EXERCISE INSTRUCTIONS. Skip the pictures. Quote every line below, exactly, from the one with "ZASH by Architect" through the final line.

DATA EXCERPT.
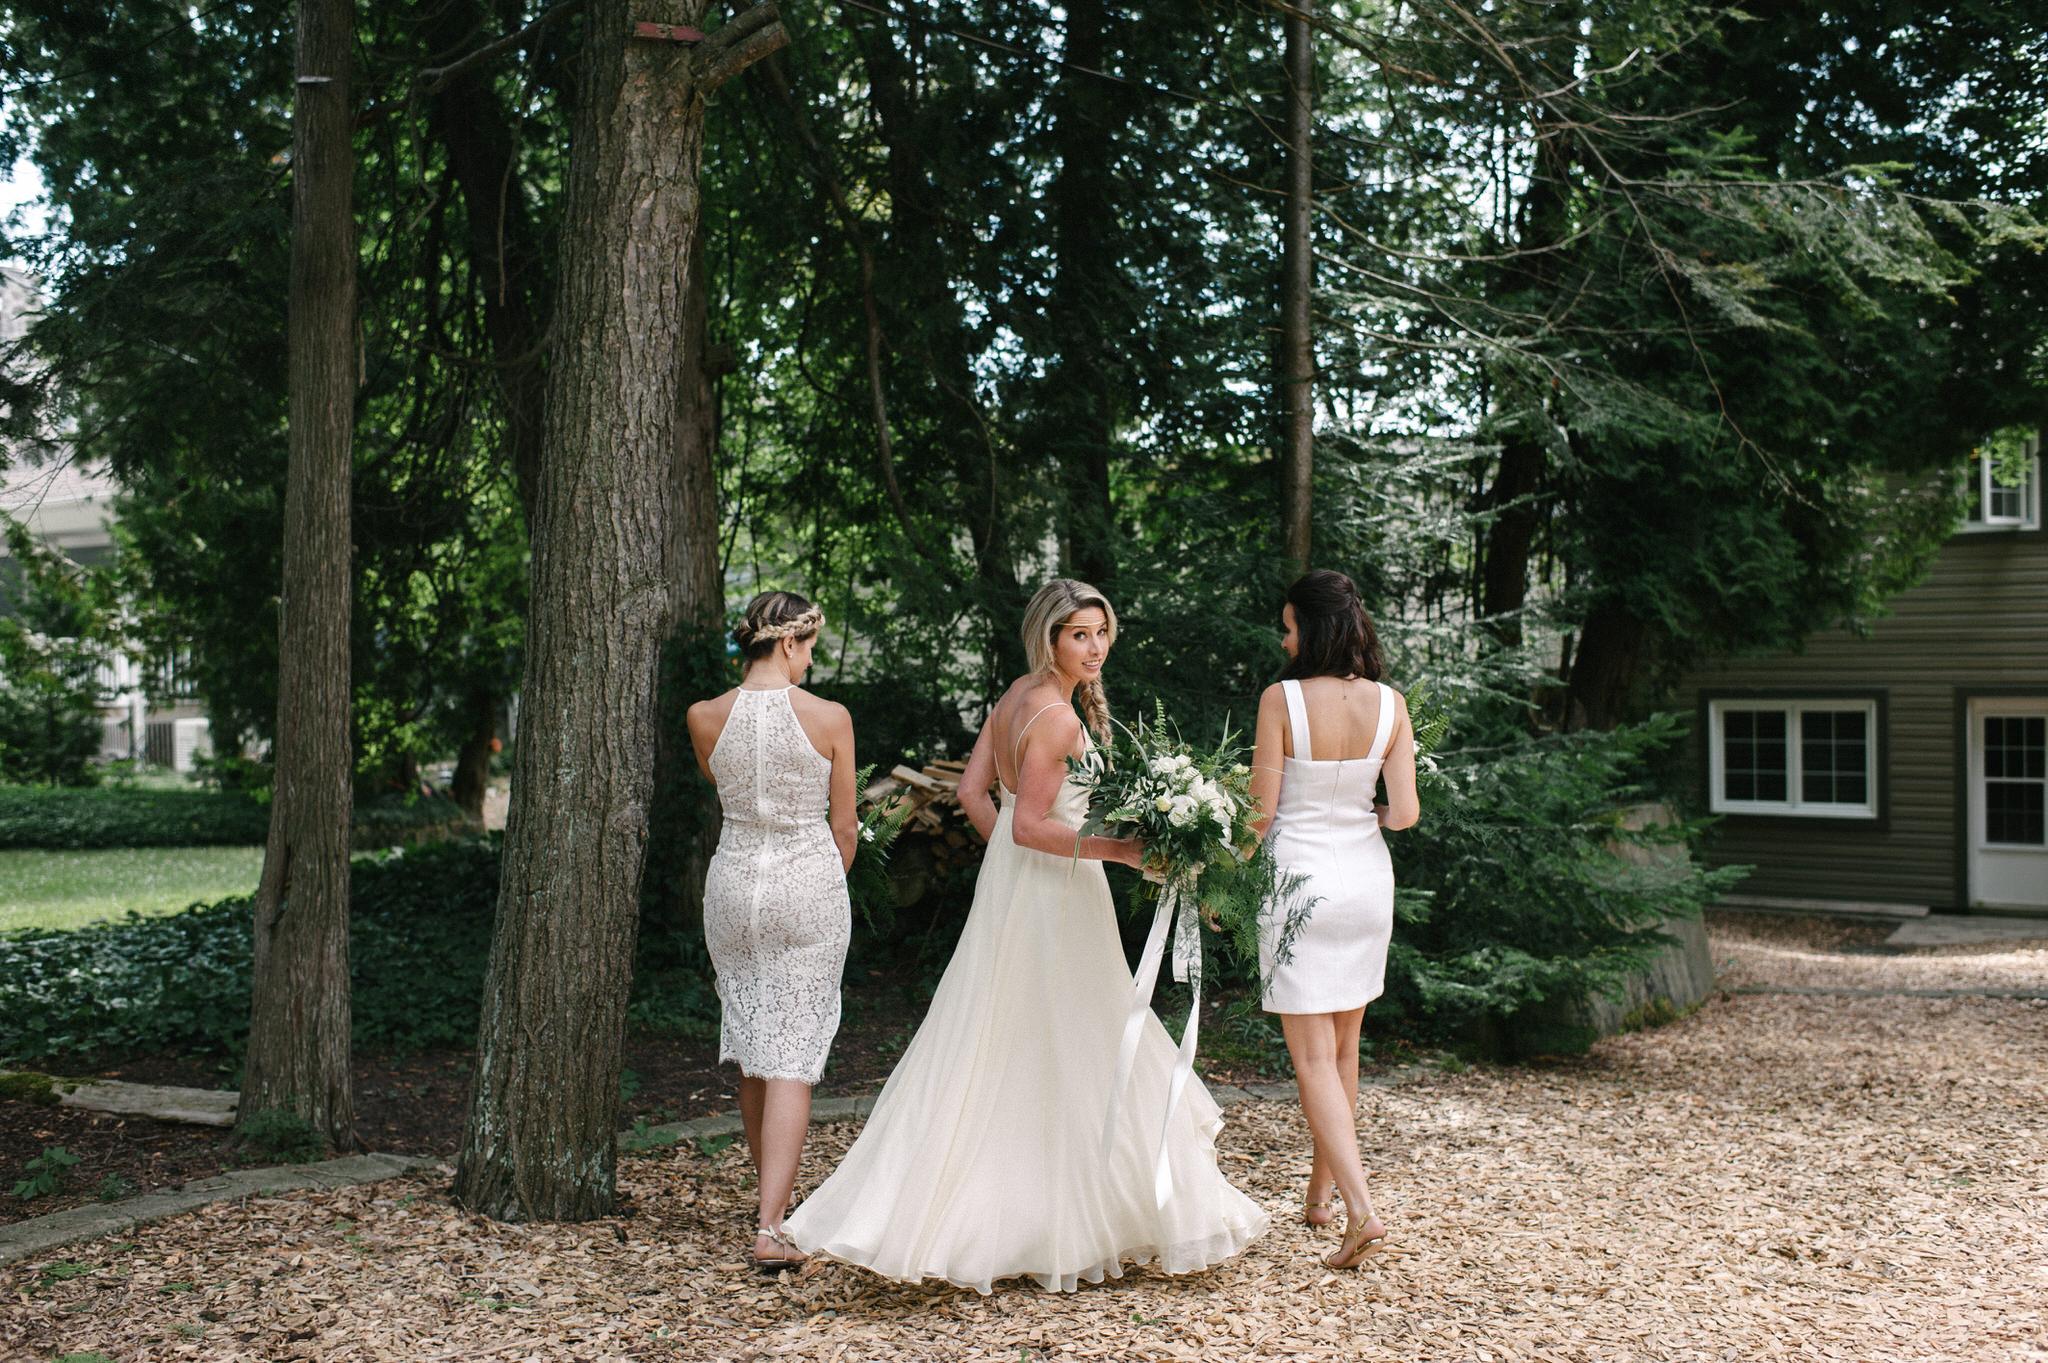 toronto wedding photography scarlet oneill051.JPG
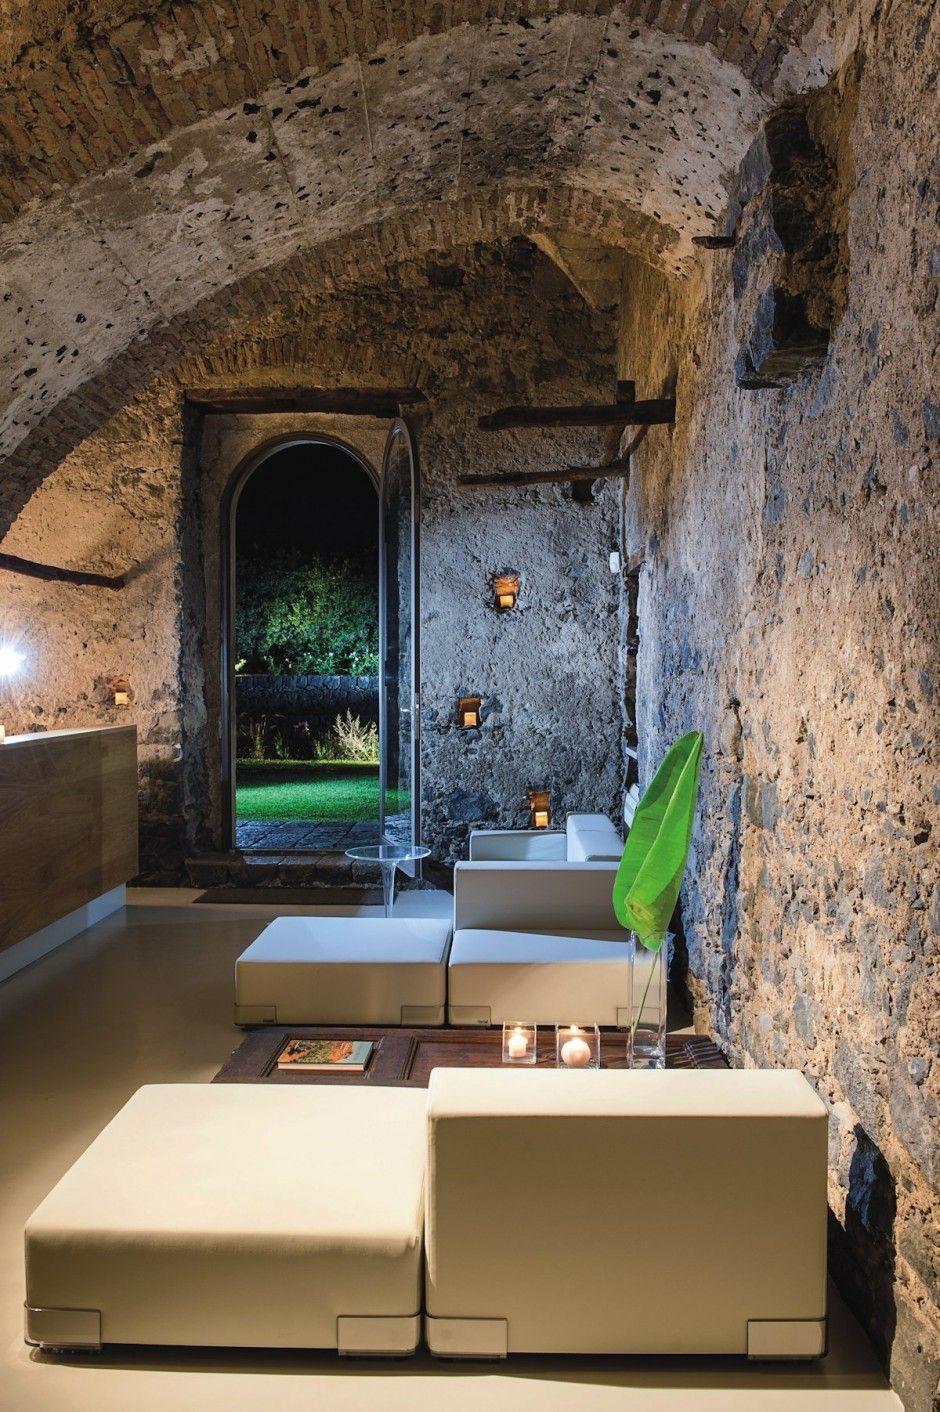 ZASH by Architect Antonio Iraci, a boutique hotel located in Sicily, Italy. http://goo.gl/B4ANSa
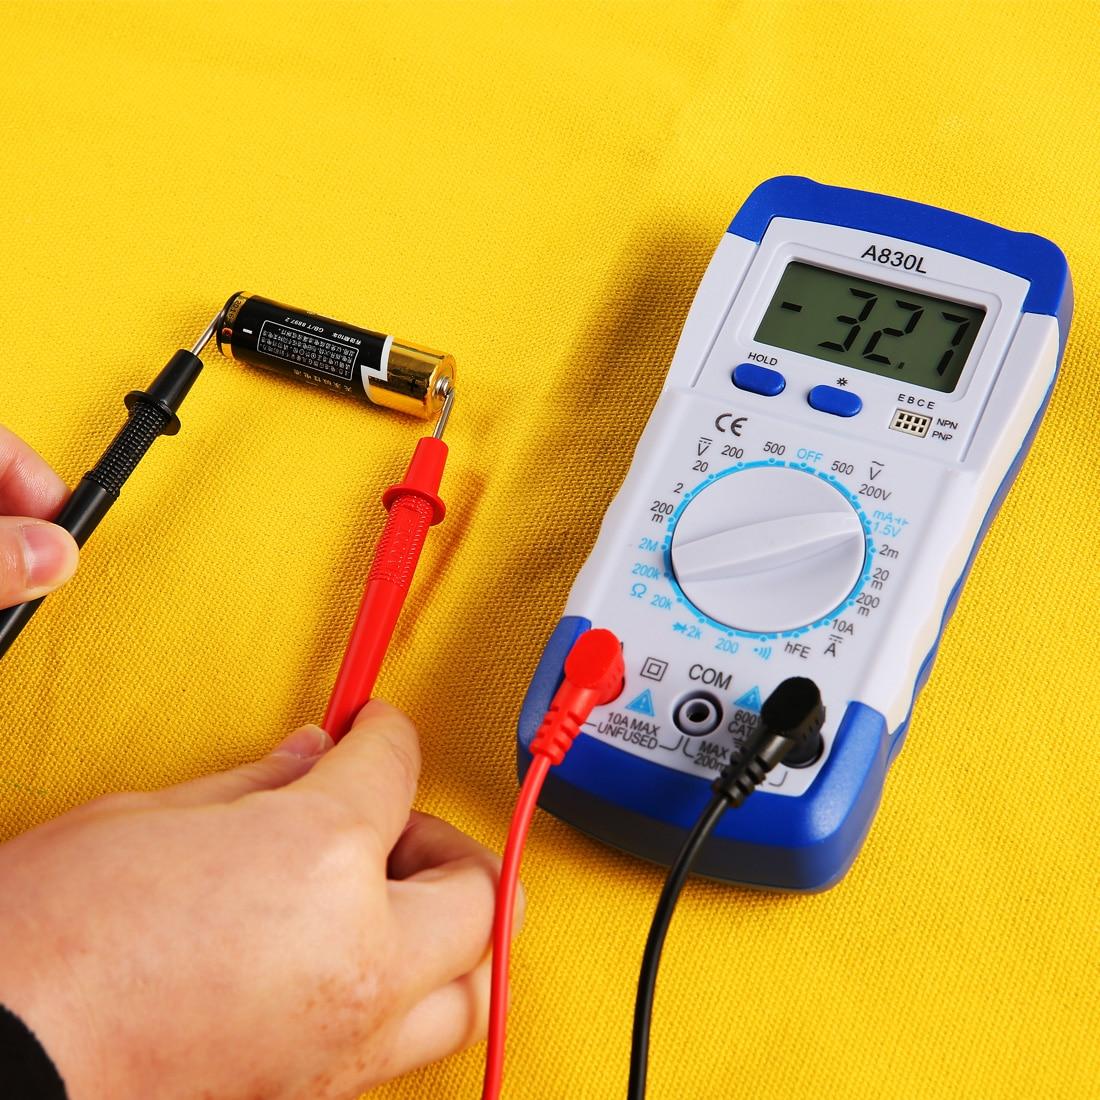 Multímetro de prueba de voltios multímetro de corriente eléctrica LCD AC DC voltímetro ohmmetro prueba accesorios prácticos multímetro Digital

EXERCISE ANSWER.
 ZASH by Architect Antonio Iraci, a boutique hotel located in Sicily, Italy. http://goo.gl/B4ANSa
 Multímetro de prueba de voltios multímetro de corriente eléctrica LCD AC DC voltímetro ohmmetro prueba accesorios prácticos multímetro Digital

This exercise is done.